▶ [Aim of the exercise] Each entry below needs to be retyped exactly as given.

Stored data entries
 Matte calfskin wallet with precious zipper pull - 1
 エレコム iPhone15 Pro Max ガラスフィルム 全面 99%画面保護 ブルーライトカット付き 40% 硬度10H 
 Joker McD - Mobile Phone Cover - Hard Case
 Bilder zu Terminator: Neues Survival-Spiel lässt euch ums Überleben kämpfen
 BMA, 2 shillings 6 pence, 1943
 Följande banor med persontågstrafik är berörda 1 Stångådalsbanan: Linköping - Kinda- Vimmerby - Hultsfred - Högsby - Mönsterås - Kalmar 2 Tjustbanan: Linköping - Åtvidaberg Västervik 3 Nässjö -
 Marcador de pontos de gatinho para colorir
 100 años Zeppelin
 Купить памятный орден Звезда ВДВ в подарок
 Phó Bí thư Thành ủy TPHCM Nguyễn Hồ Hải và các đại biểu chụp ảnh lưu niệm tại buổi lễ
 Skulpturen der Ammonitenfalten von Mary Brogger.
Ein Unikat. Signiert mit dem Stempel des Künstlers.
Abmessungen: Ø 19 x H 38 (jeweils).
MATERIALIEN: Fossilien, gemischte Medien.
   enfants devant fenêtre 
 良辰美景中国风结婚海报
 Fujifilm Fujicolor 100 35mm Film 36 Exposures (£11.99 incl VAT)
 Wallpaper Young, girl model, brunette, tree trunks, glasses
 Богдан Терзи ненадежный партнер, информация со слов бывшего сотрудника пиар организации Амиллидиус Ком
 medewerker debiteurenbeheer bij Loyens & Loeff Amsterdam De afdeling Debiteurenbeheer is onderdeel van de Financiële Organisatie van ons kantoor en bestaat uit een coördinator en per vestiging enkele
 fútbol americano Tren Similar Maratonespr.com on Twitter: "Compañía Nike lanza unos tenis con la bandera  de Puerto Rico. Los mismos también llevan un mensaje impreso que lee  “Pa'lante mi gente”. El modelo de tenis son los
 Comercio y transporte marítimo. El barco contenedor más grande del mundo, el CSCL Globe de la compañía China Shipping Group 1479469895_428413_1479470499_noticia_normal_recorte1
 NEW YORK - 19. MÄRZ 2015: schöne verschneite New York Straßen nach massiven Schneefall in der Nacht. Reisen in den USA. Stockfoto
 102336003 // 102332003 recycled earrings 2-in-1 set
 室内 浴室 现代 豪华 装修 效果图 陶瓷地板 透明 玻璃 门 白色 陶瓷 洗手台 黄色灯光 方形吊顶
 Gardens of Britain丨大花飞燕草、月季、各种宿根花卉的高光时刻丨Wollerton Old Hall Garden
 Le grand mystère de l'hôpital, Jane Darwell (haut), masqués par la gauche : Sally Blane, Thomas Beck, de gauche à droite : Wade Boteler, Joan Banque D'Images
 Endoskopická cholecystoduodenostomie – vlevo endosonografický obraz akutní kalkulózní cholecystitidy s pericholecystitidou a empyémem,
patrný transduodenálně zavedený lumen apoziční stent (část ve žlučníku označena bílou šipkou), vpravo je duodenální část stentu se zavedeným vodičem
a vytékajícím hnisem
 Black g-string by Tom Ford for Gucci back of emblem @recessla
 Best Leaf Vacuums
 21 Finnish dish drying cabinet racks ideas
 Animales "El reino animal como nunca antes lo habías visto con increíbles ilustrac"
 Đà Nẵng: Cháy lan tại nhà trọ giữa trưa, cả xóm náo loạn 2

▶ [Answer to this problem]
 Matte calfskin wallet with precious zipper pull - 1
 エレコム iPhone15 Pro Max ガラスフィルム 全面 99%画面保護 ブルーライトカット付き 40% 硬度10H 
 Joker McD - Mobile Phone Cover - Hard Case
 Bilder zu Terminator: Neues Survival-Spiel lässt euch ums Überleben kämpfen
 BMA, 2 shillings 6 pence, 1943
 Följande banor med persontågstrafik är berörda 1 Stångådalsbanan: Linköping - Kinda- Vimmerby - Hultsfred - Högsby - Mönsterås - Kalmar 2 Tjustbanan: Linköping - Åtvidaberg Västervik 3 Nässjö -
 Marcador de pontos de gatinho para colorir
 100 años Zeppelin
 Купить памятный орден Звезда ВДВ в подарок
 Phó Bí thư Thành ủy TPHCM Nguyễn Hồ Hải và các đại biểu chụp ảnh lưu niệm tại buổi lễ
 Skulpturen der Ammonitenfalten von Mary Brogger.
Ein Unikat. Signiert mit dem Stempel des Künstlers.
Abmessungen: Ø 19 x H 38 (jeweils).
MATERIALIEN: Fossilien, gemischte Medien.
   enfants devant fenêtre 
 良辰美景中国风结婚海报
 Fujifilm Fujicolor 100 35mm Film 36 Exposures (£11.99 incl VAT)
 Wallpaper Young, girl model, brunette, tree trunks, glasses
 Богдан Терзи ненадежный партнер, информация со слов бывшего сотрудника пиар организации Амиллидиус Ком
 medewerker debiteurenbeheer bij Loyens & Loeff Amsterdam De afdeling Debiteurenbeheer is onderdeel van de Financiële Organisatie van ons kantoor en bestaat uit een coördinator en per vestiging enkele
 fútbol americano Tren Similar Maratonespr.com on Twitter: "Compañía Nike lanza unos tenis con la bandera  de Puerto Rico. Los mismos también llevan un mensaje impreso que lee  “Pa'lante mi gente”. El modelo de tenis son los
 Comercio y transporte marítimo. El barco contenedor más grande del mundo, el CSCL Globe de la compañía China Shipping Group 1479469895_428413_1479470499_noticia_normal_recorte1
 NEW YORK - 19. MÄRZ 2015: schöne verschneite New York Straßen nach massiven Schneefall in der Nacht. Reisen in den USA. Stockfoto
 102336003 // 102332003 recycled earrings 2-in-1 set
 室内 浴室 现代 豪华 装修 效果图 陶瓷地板 透明 玻璃 门 白色 陶瓷 洗手台 黄色灯光 方形吊顶
 Gardens of Britain丨大花飞燕草、月季、各种宿根花卉的高光时刻丨Wollerton Old Hall Garden
 Le grand mystère de l'hôpital, Jane Darwell (haut), masqués par la gauche : Sally Blane, Thomas Beck, de gauche à droite : Wade Boteler, Joan Banque D'Images
 Endoskopická cholecystoduodenostomie – vlevo endosonografický obraz akutní kalkulózní cholecystitidy s pericholecystitidou a empyémem,
patrný transduodenálně zavedený lumen apoziční stent (část ve žlučníku označena bílou šipkou), vpravo je duodenální část stentu se zavedeným vodičem
a vytékajícím hnisem
 Black g-string by Tom Ford for Gucci back of emblem @recessla
 Best Leaf Vacuums
 21 Finnish dish drying cabinet racks ideas
 Animales "El reino animal como nunca antes lo habías visto con increíbles ilustrac"
 Đà Nẵng: Cháy lan tại nhà trọ giữa trưa, cả xóm náo loạn 2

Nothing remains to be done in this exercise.